→ **Work instructions**
Reprint the lines below as they are, minus the pictures.

→ **Supplied information**
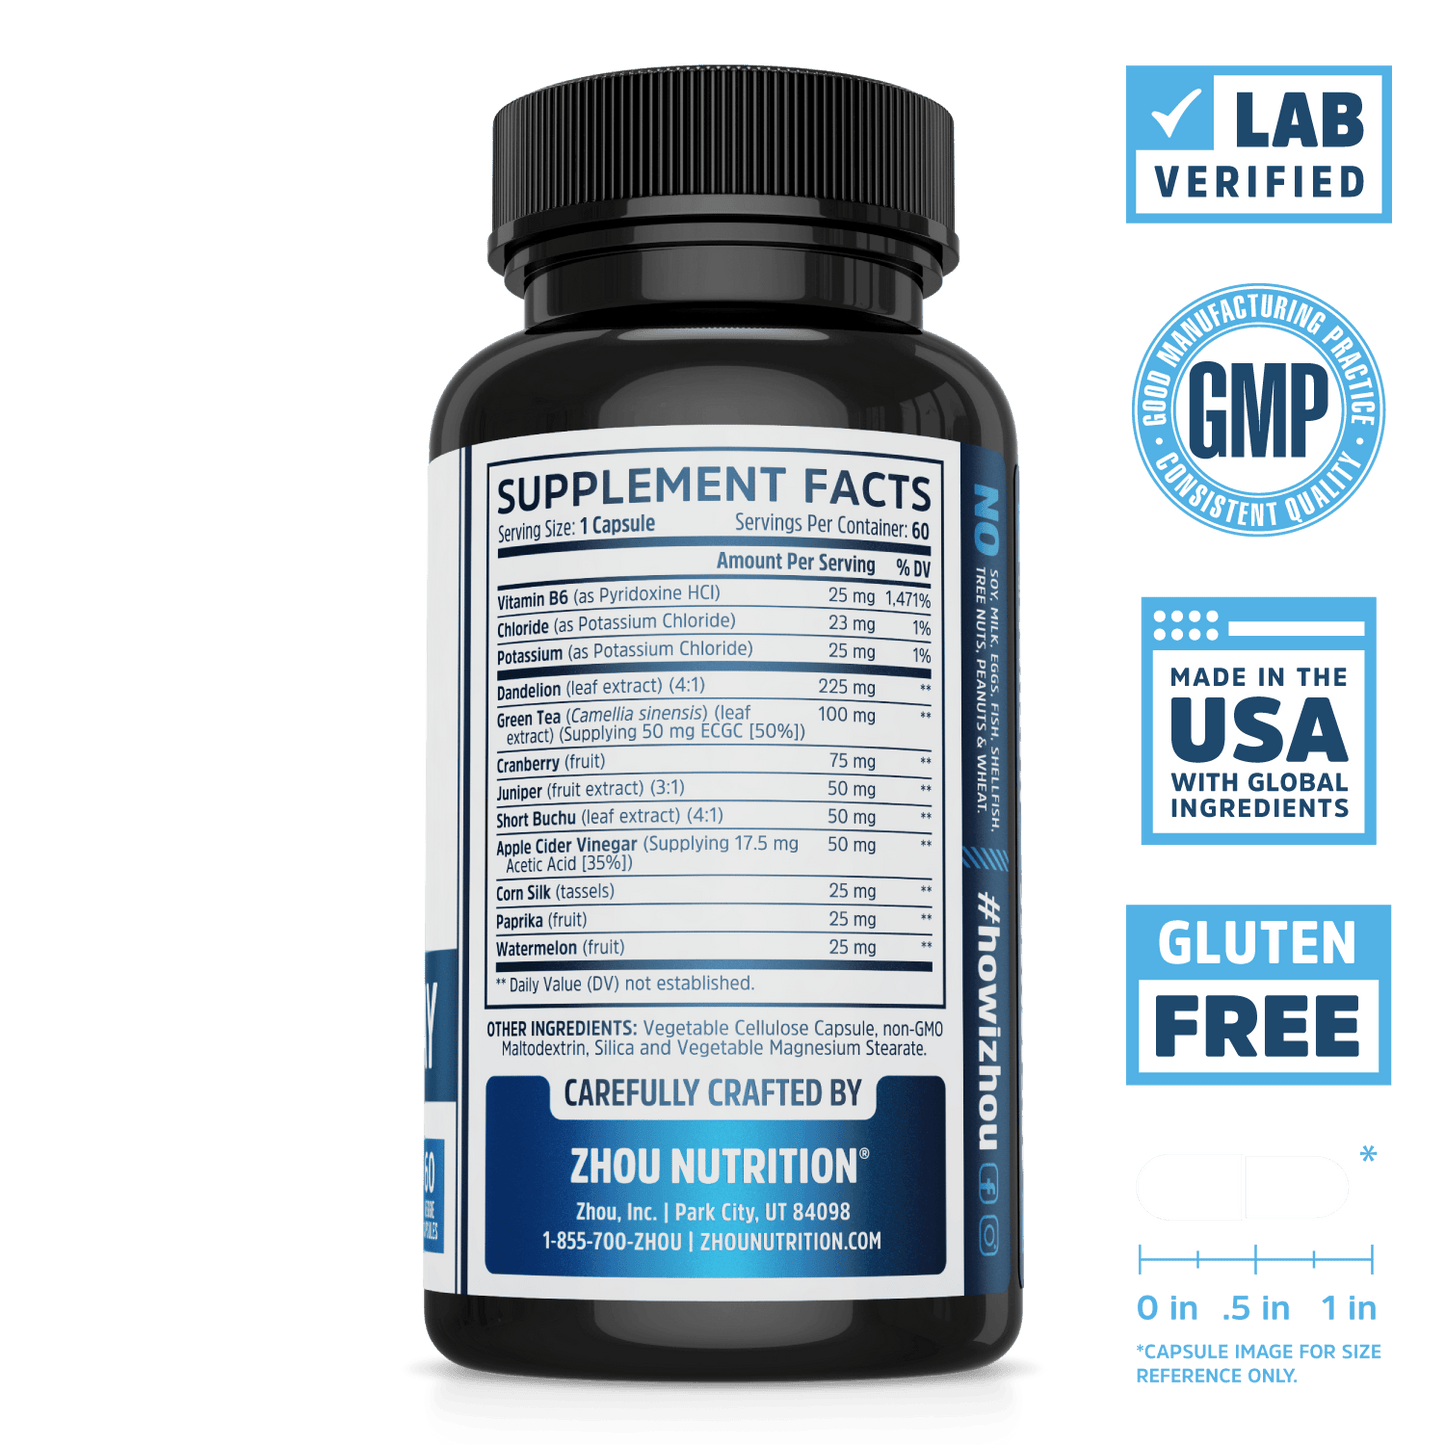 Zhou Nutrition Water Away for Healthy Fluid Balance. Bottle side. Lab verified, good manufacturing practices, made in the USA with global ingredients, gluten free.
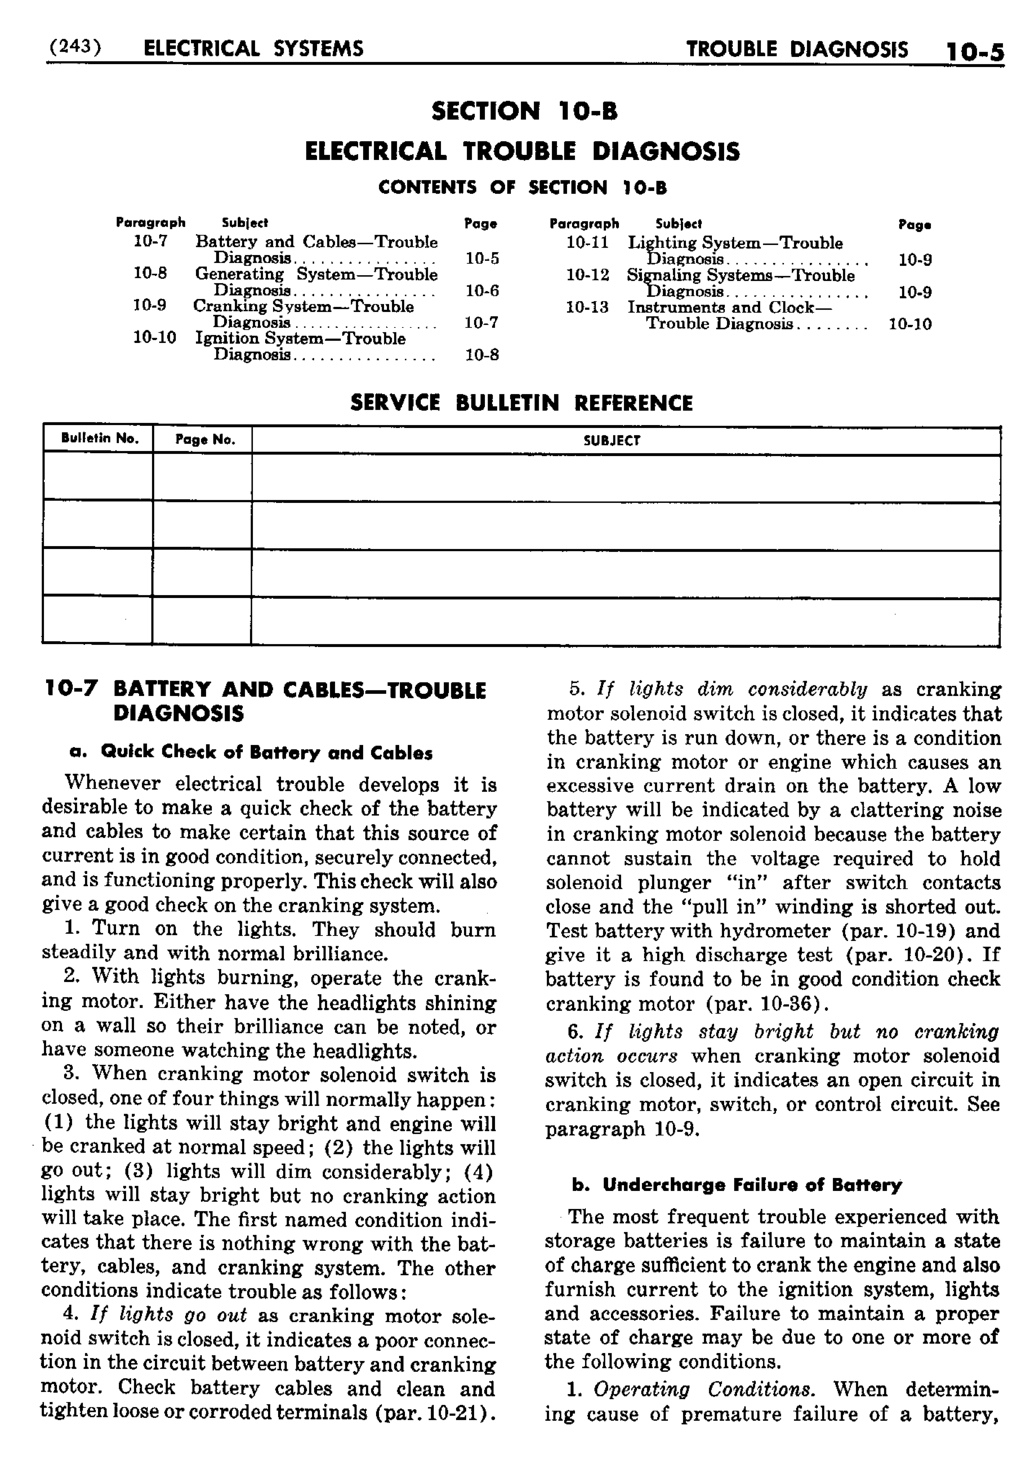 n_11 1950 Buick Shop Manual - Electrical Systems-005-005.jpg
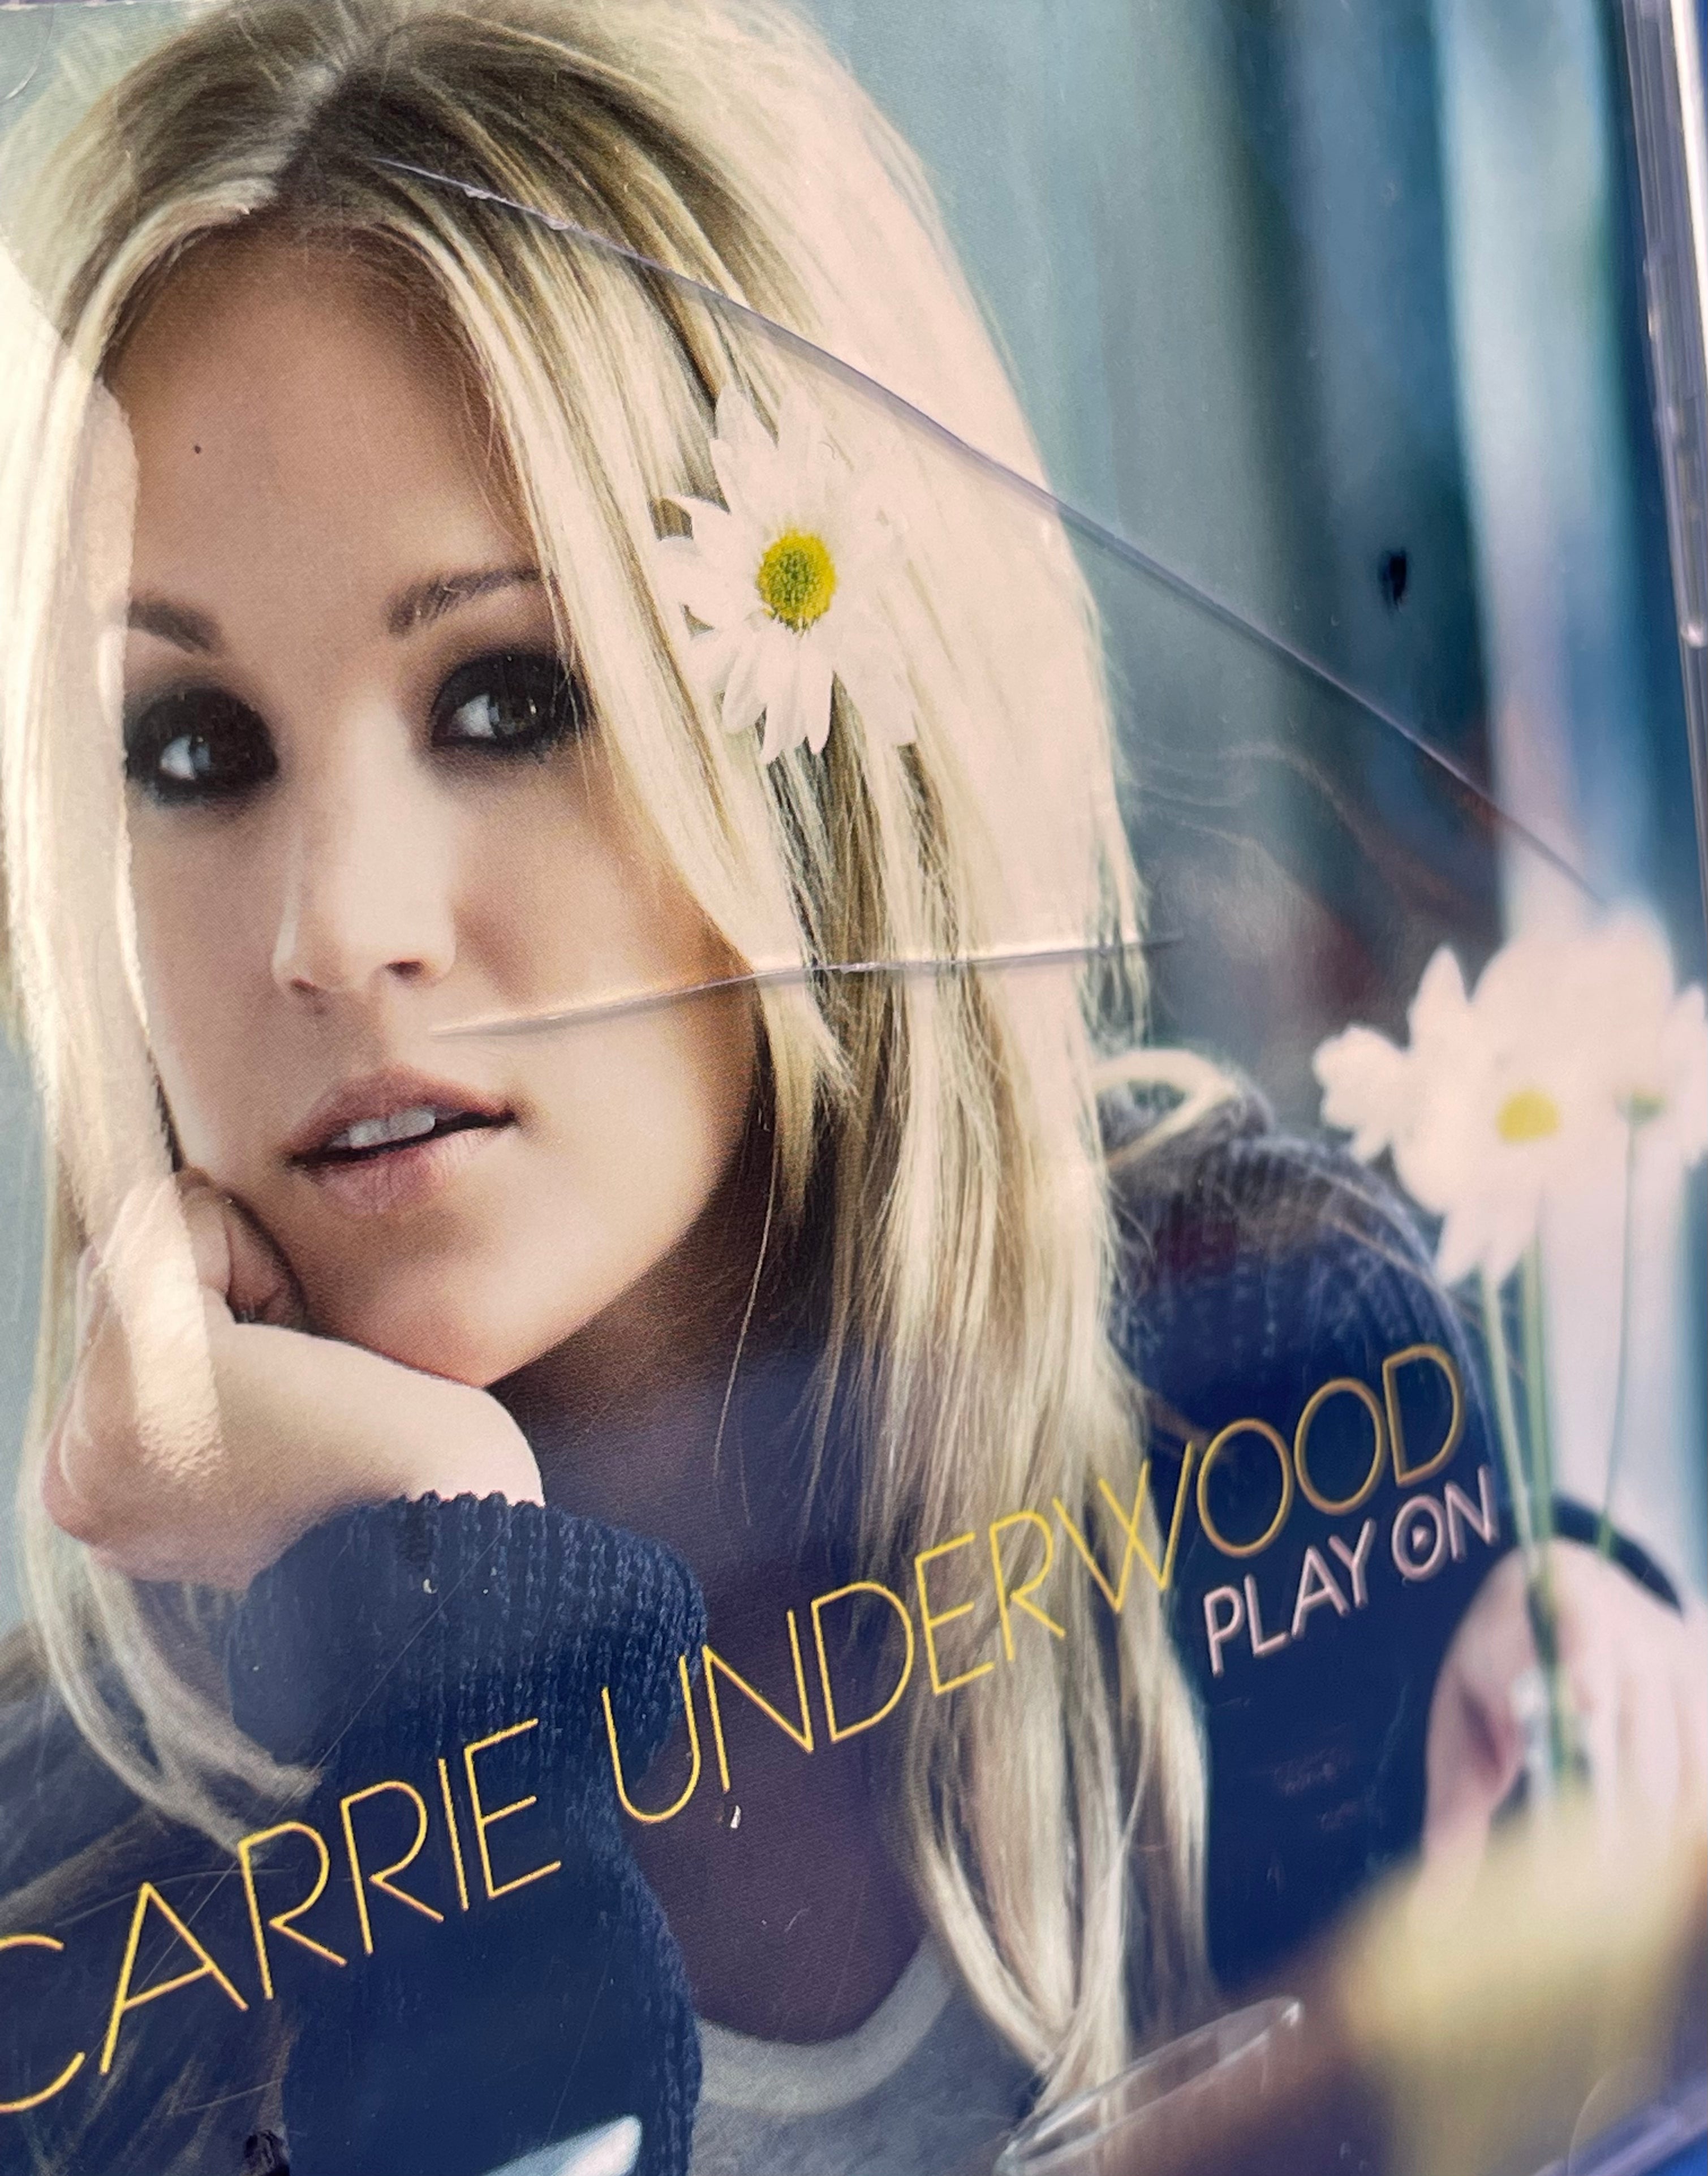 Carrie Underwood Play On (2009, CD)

→ **Worked solution**
 Zhou Nutrition Water Away for Healthy Fluid Balance. Bottle side. Lab verified, good manufacturing practices, made in the USA with global ingredients, gluten free.
 n_11 1950 Buick Shop Manual - Electrical Systems-005-005.jpg
 Carrie Underwood Play On (2009, CD)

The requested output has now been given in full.